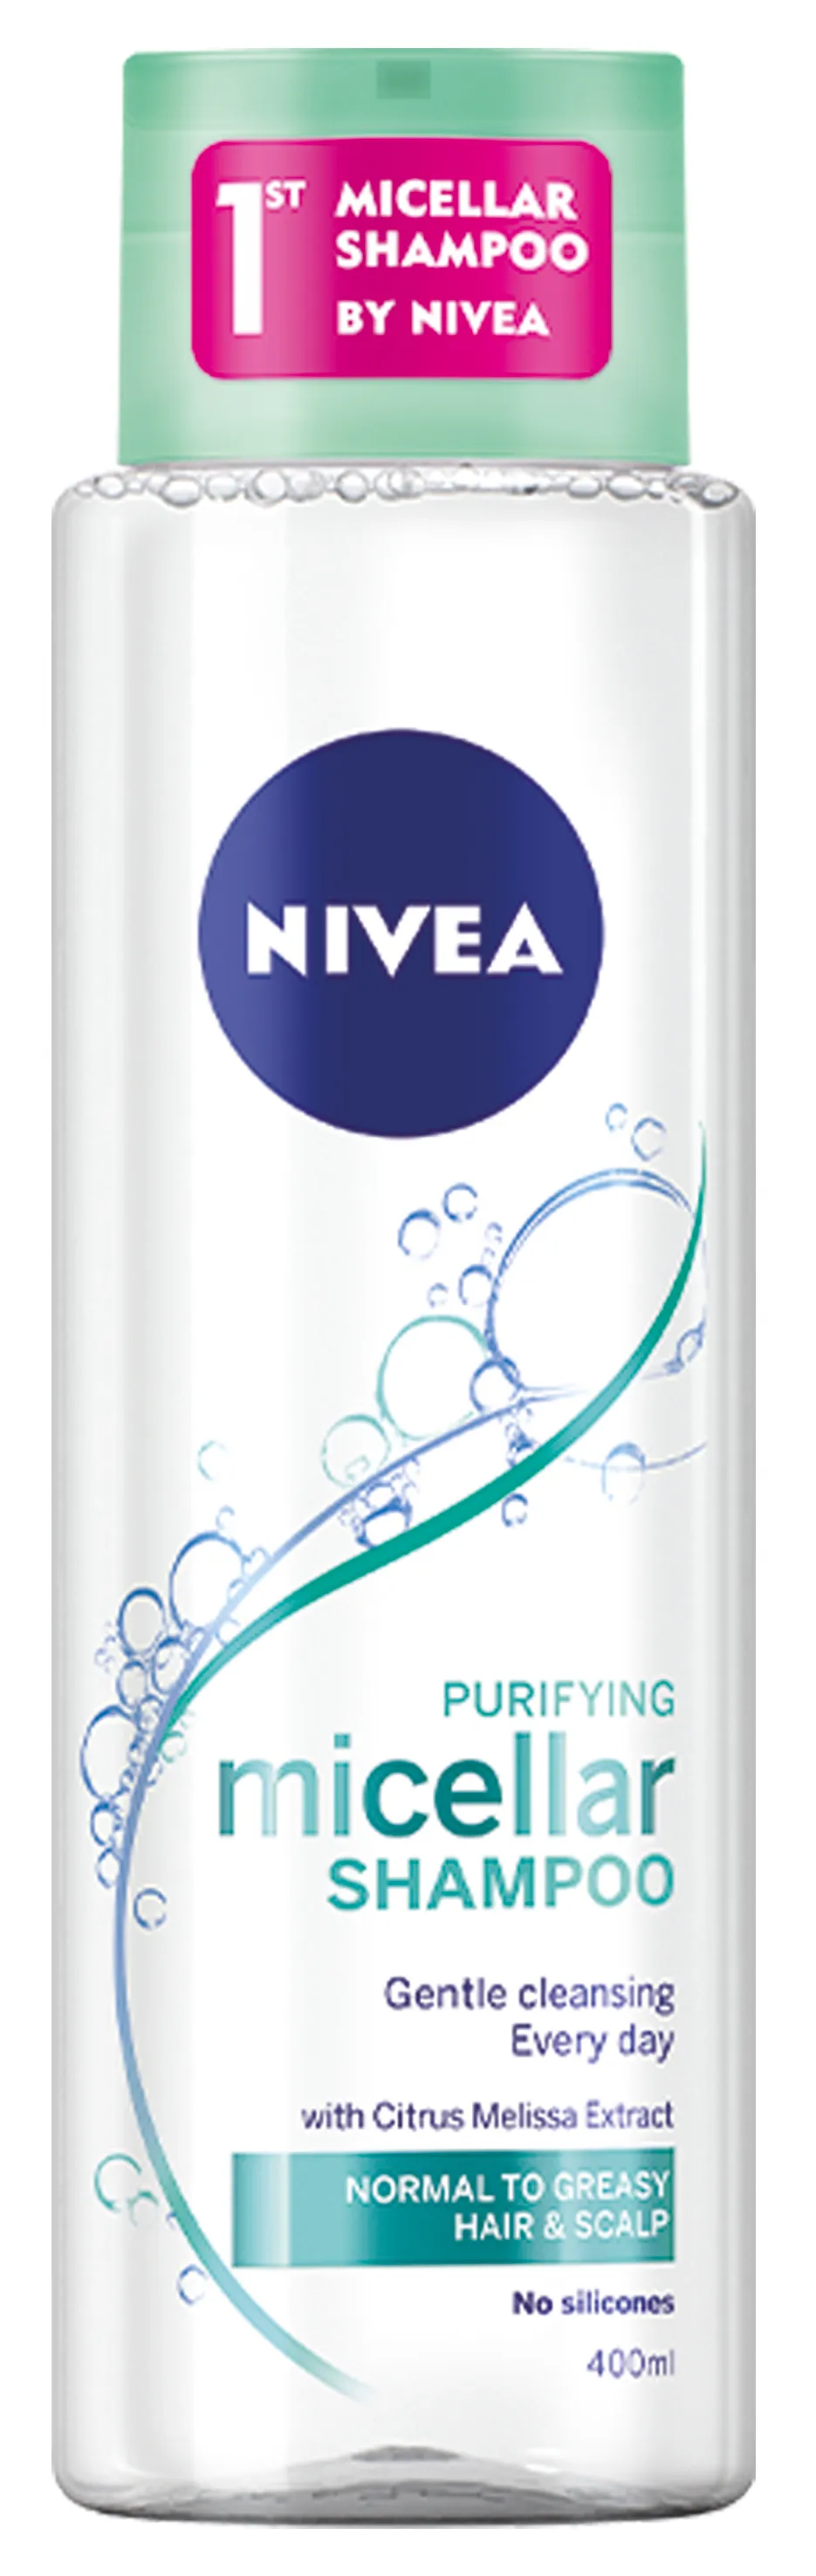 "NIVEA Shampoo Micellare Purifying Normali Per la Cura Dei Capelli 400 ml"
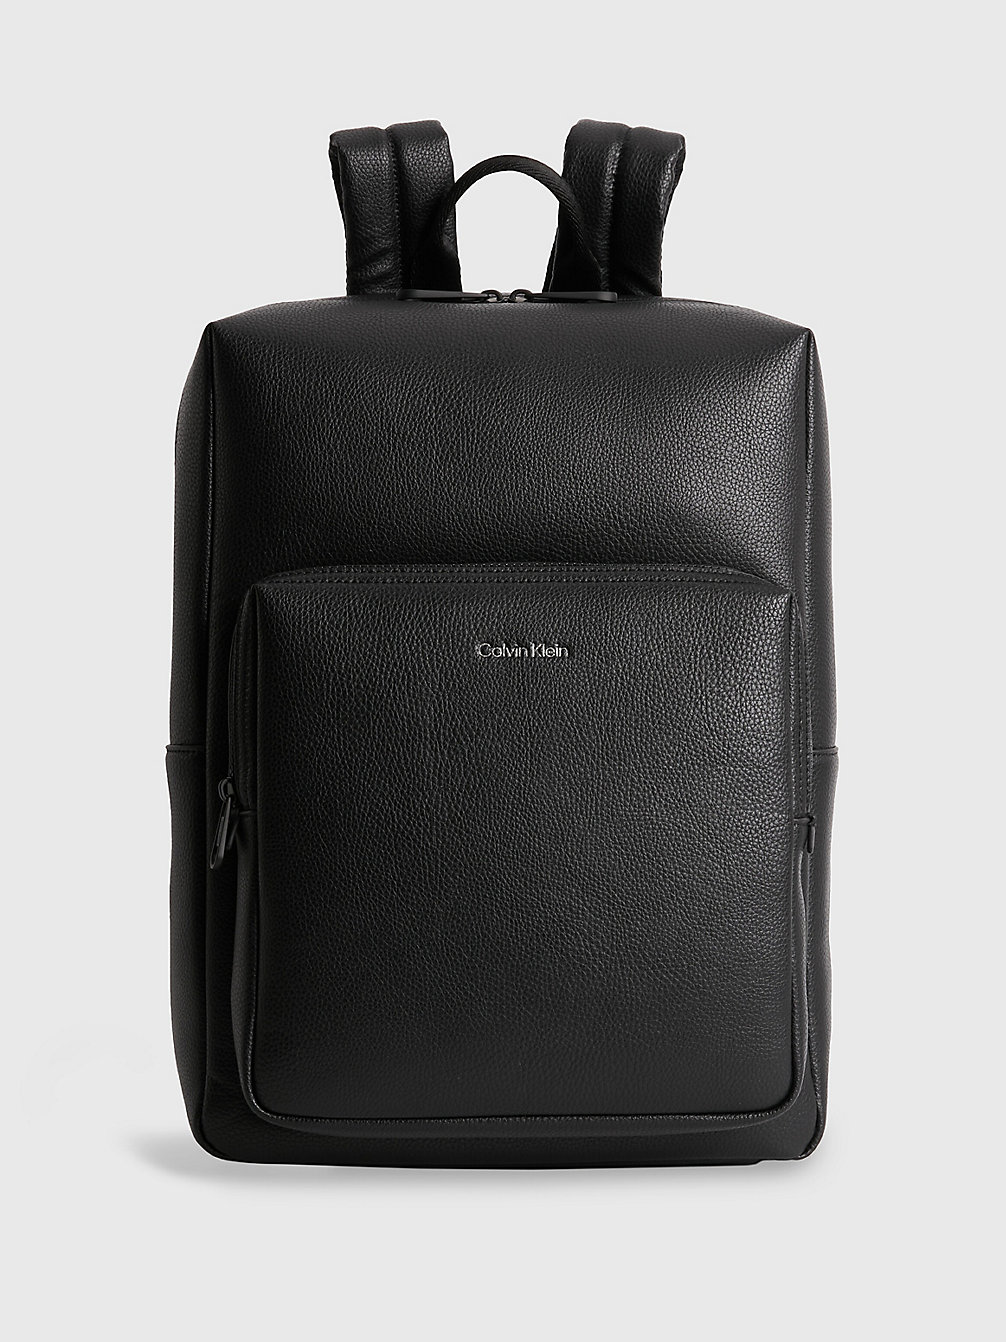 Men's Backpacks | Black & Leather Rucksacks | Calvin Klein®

--

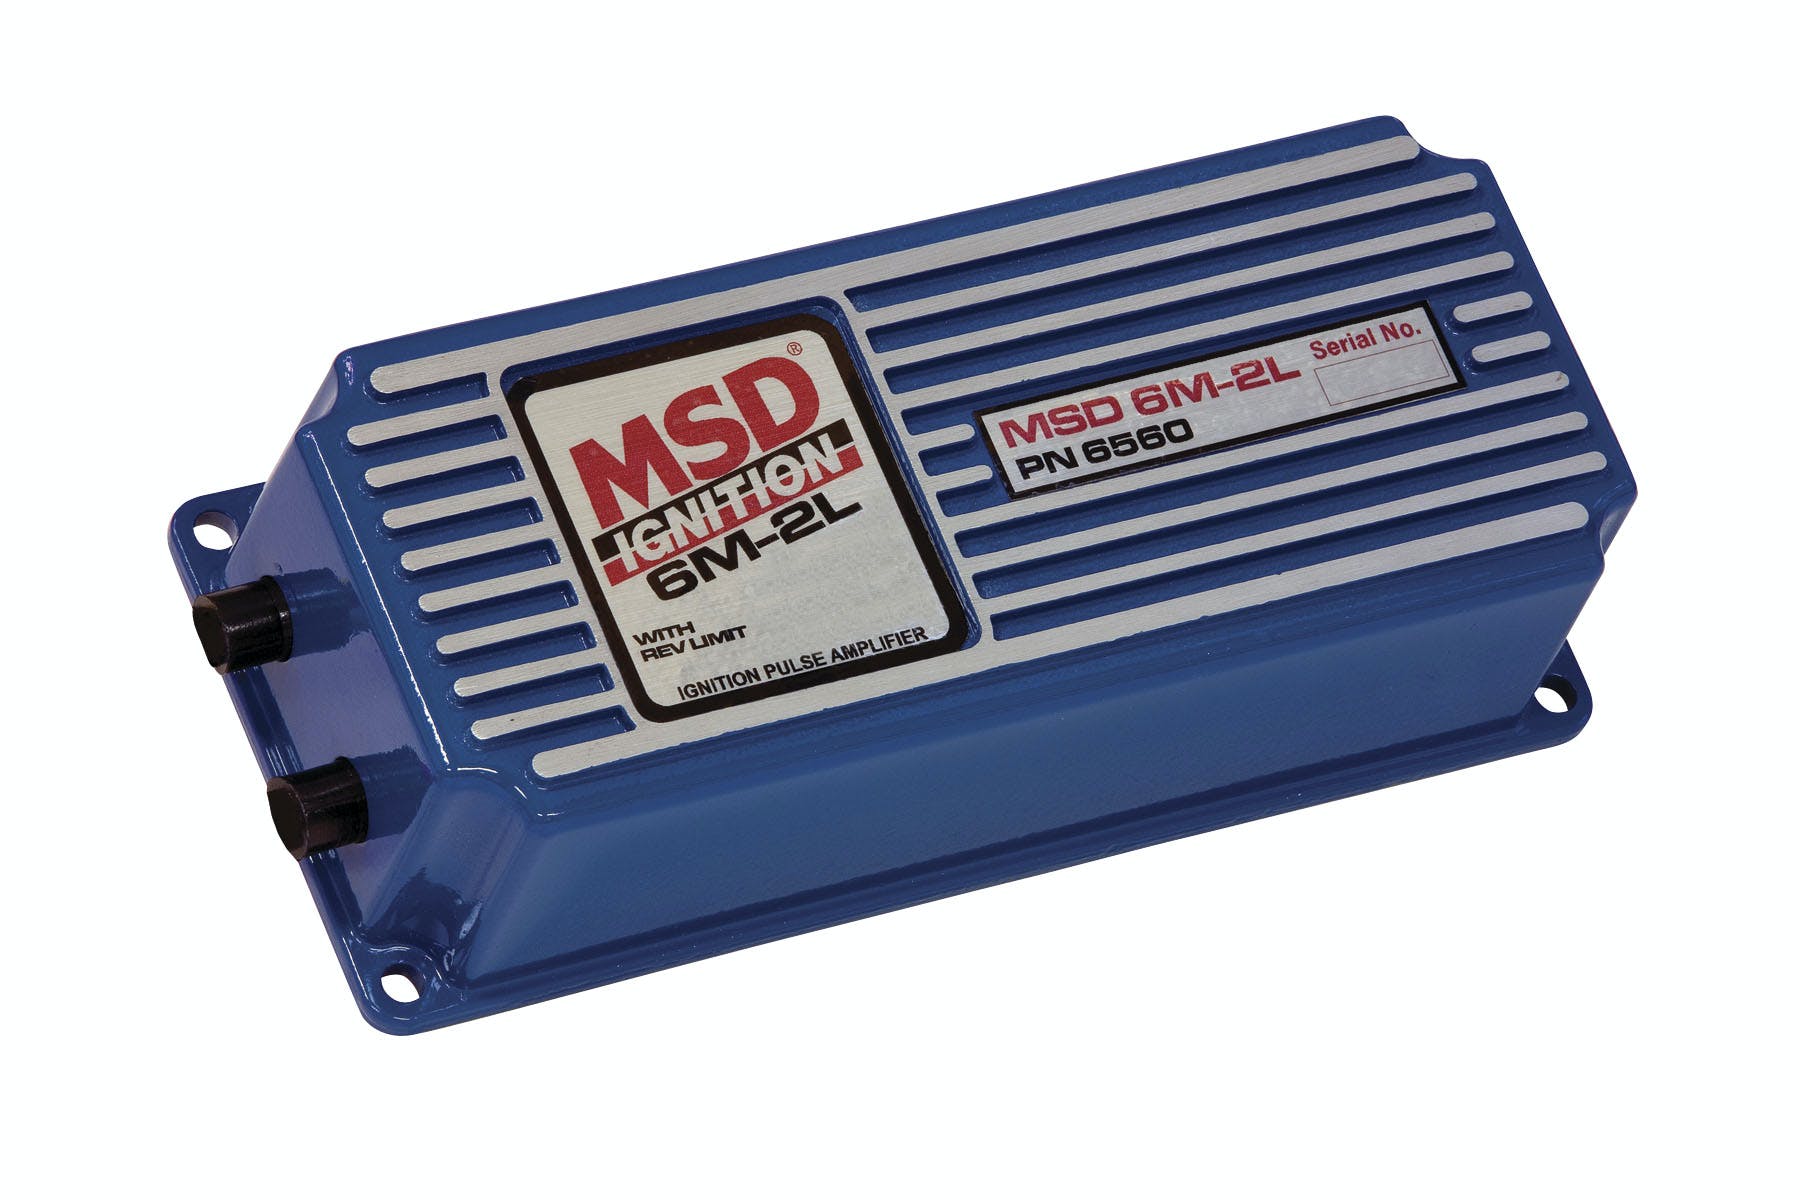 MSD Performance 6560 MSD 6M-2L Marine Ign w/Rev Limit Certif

--

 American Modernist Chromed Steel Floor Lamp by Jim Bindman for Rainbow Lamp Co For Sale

Task goal: Return exactly the lines above, from the one with "Shampoo Micellare Purifying" up to and including the one with "Men's Backpacks |", and include no pictures.

Written solution:
 "NIVEA Shampoo Micellare Purifying Normali Per la Cura Dei Capelli 400 ml"
 Men's Backpacks | Black & Leather Rucksacks | Calvin Klein®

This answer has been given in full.